Your instructions:
Output all of the data exactly, keeping any images out of the copy.

Collected data:

********

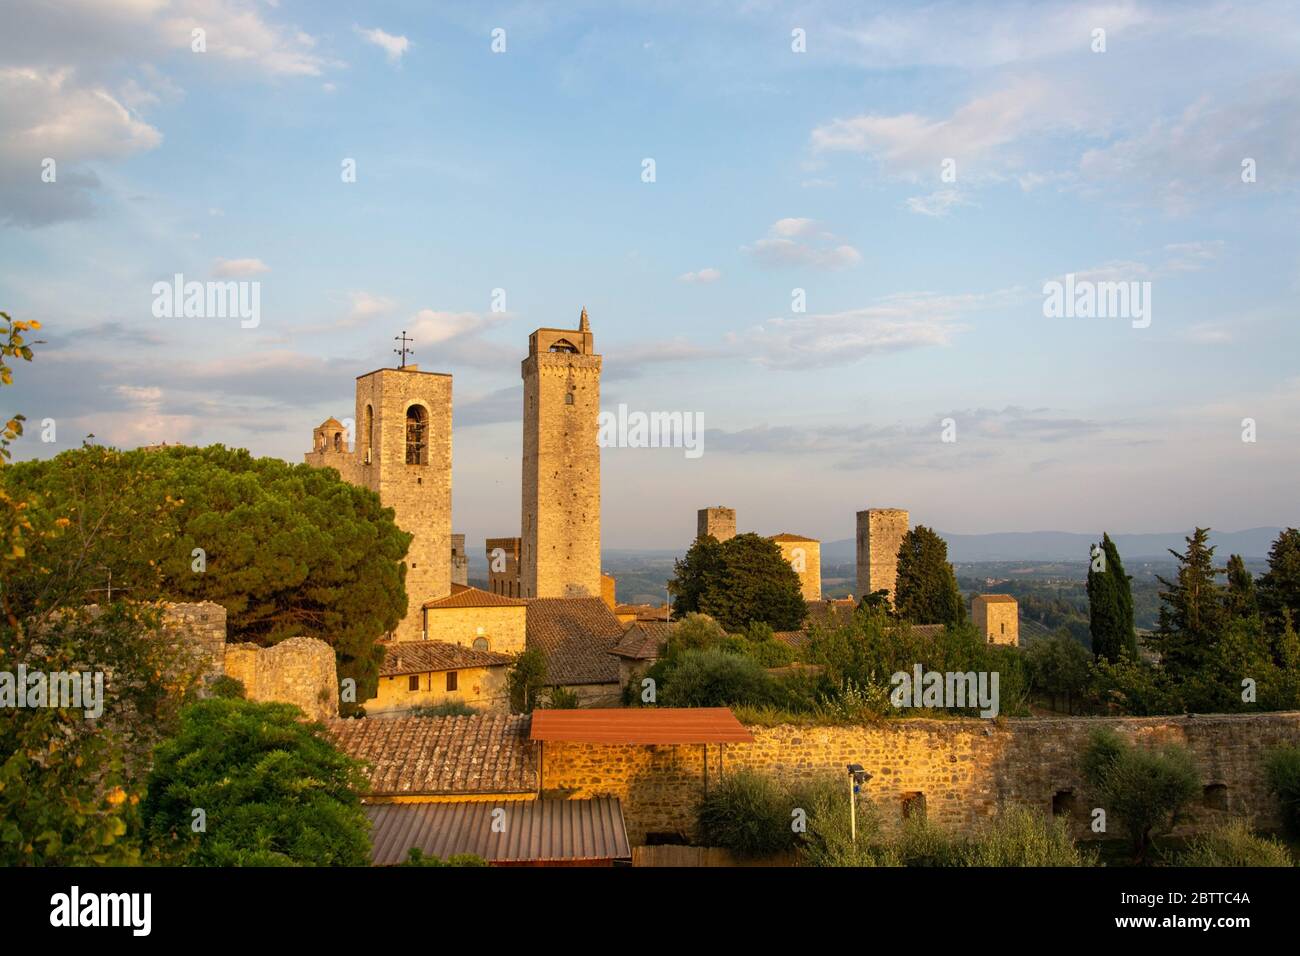 San Gimignano ist eine italienische Kleinstadt in der Provinz Siena, Toskana, mit einem mittelalterlichen Stadtkern und wird auch "Mittelalterliches M Foto de stock
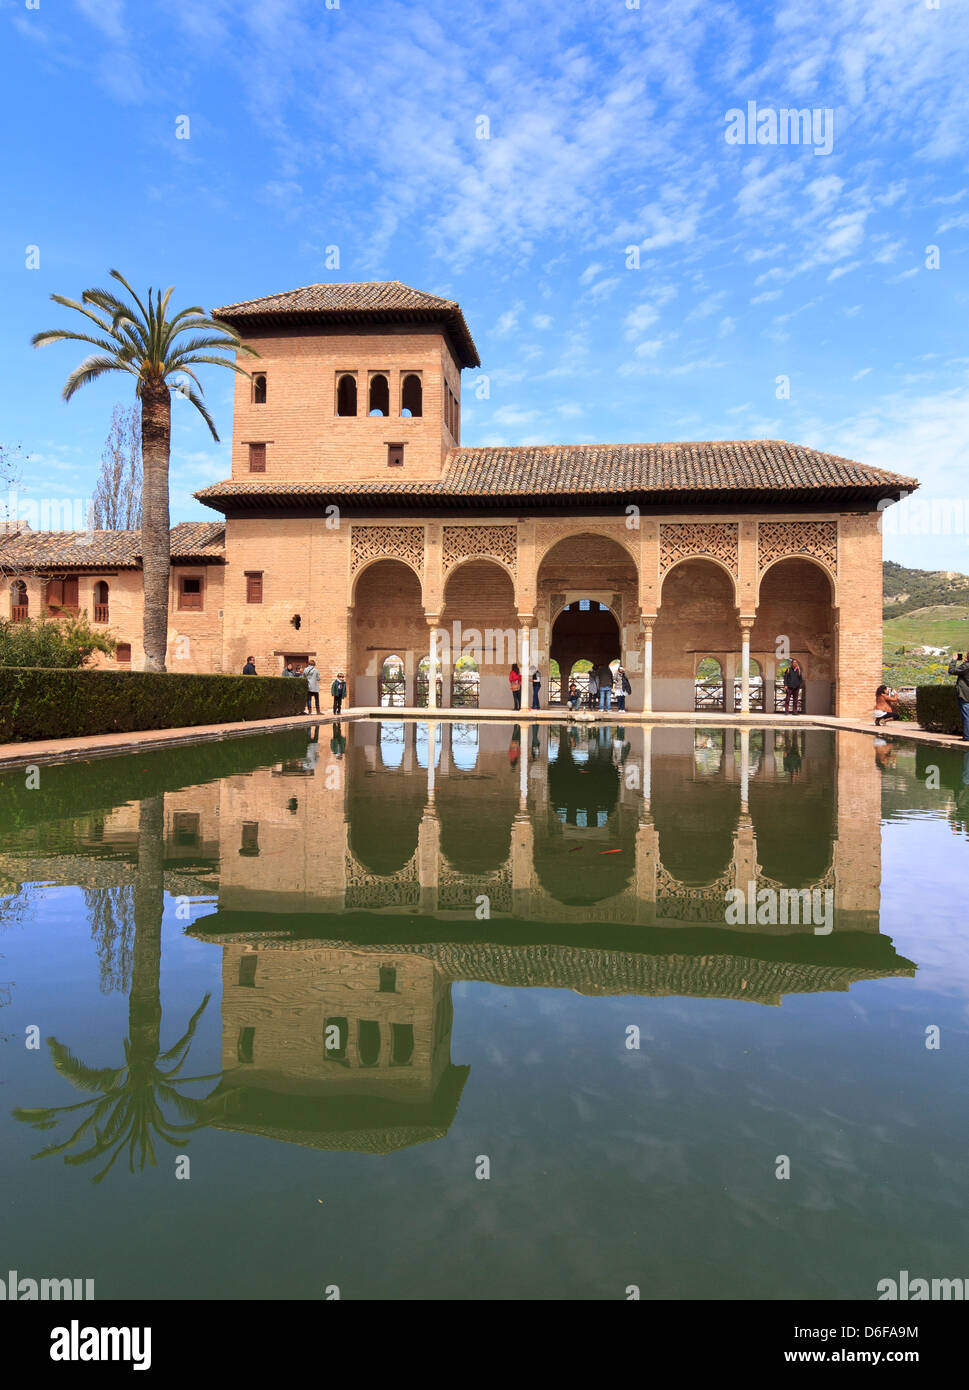 Palacio del Partal, Partal Palace, , Jardines del Partal, the Partal Gardens, Alhambra, Granada, Spain Stock Photo
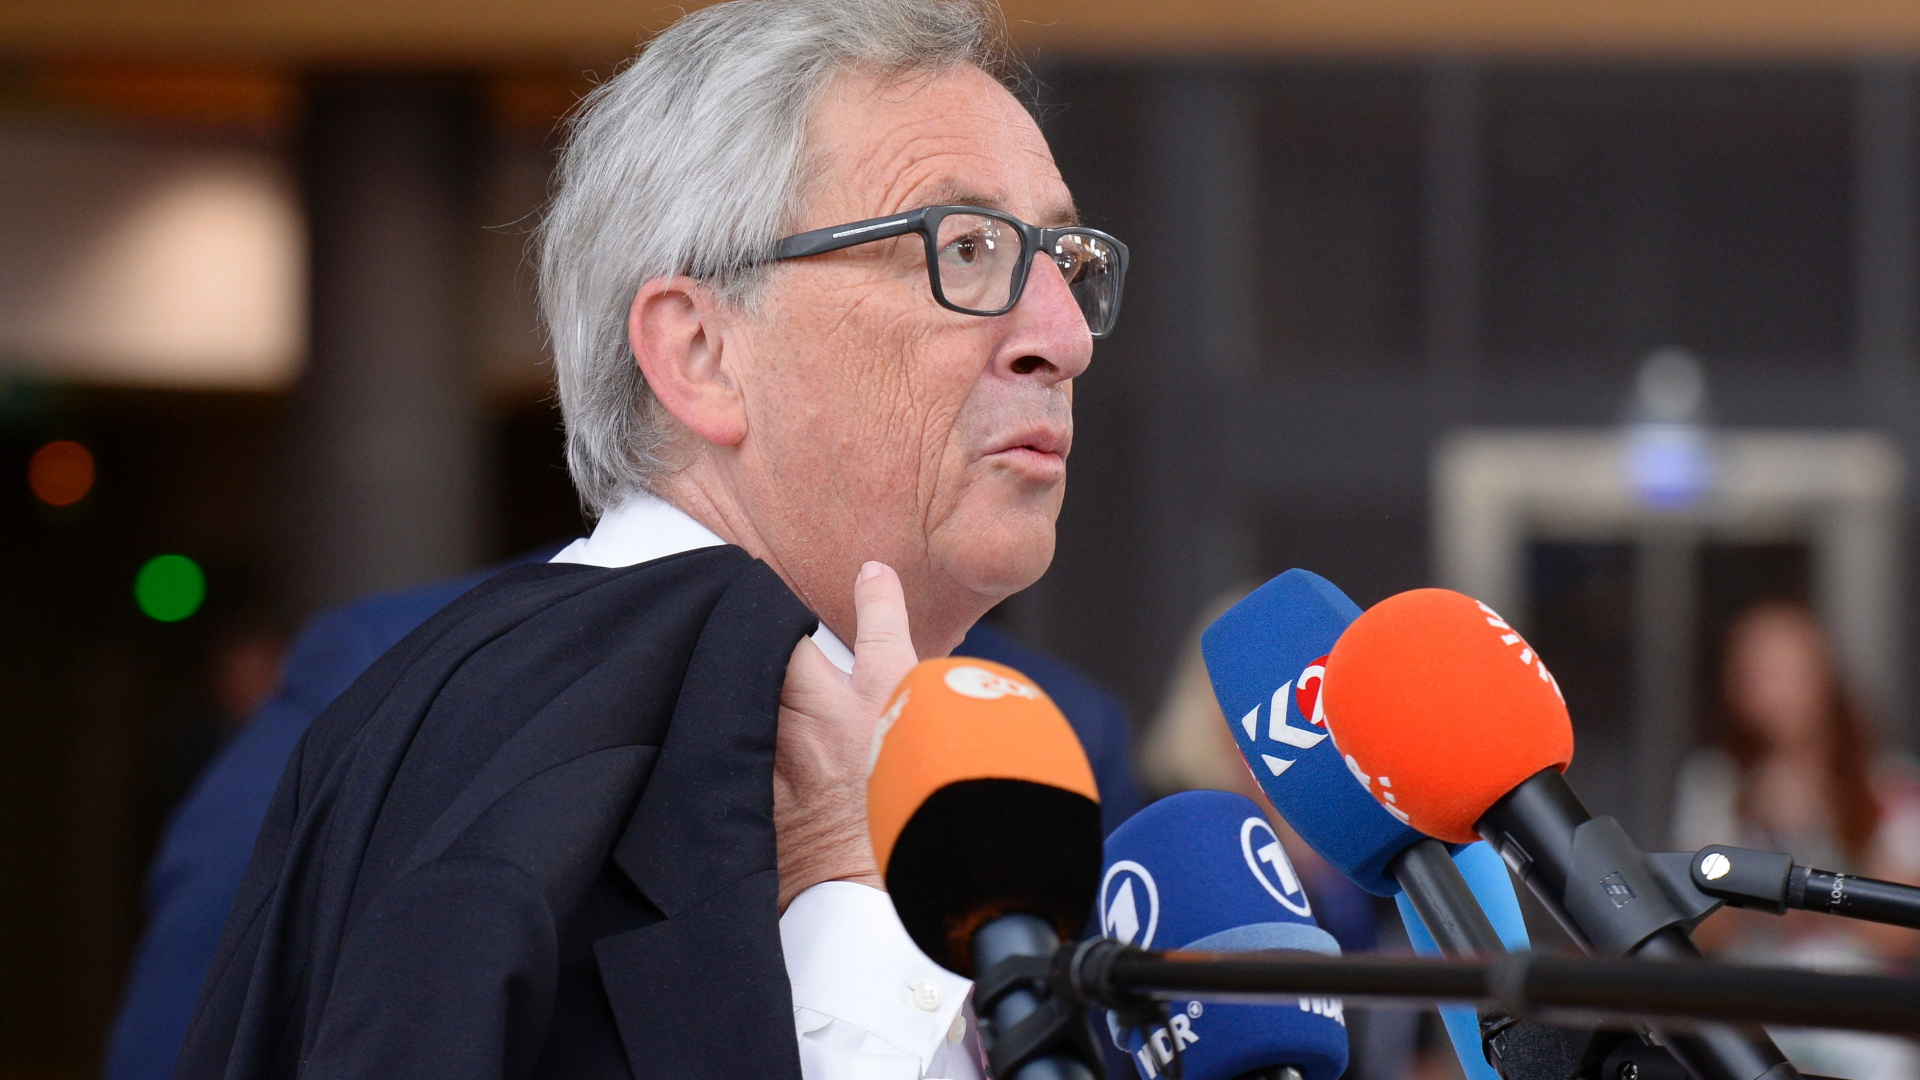 EU-Kommissionspräsident Jean-Claude Juncker | AFP

********

Response area:
 San Gimignano ist eine italienische Kleinstadt in der Provinz Siena, Toskana, mit einem mittelalterlichen Stadtkern und wird auch "Mittelalterliches M Foto de stock
 Palacio del Partal, Partal Palace, , Jardines del Partal, the Partal Gardens, Alhambra, Granada, Spain Stock Photo
 EU-Kommissionspräsident Jean-Claude Juncker | AFP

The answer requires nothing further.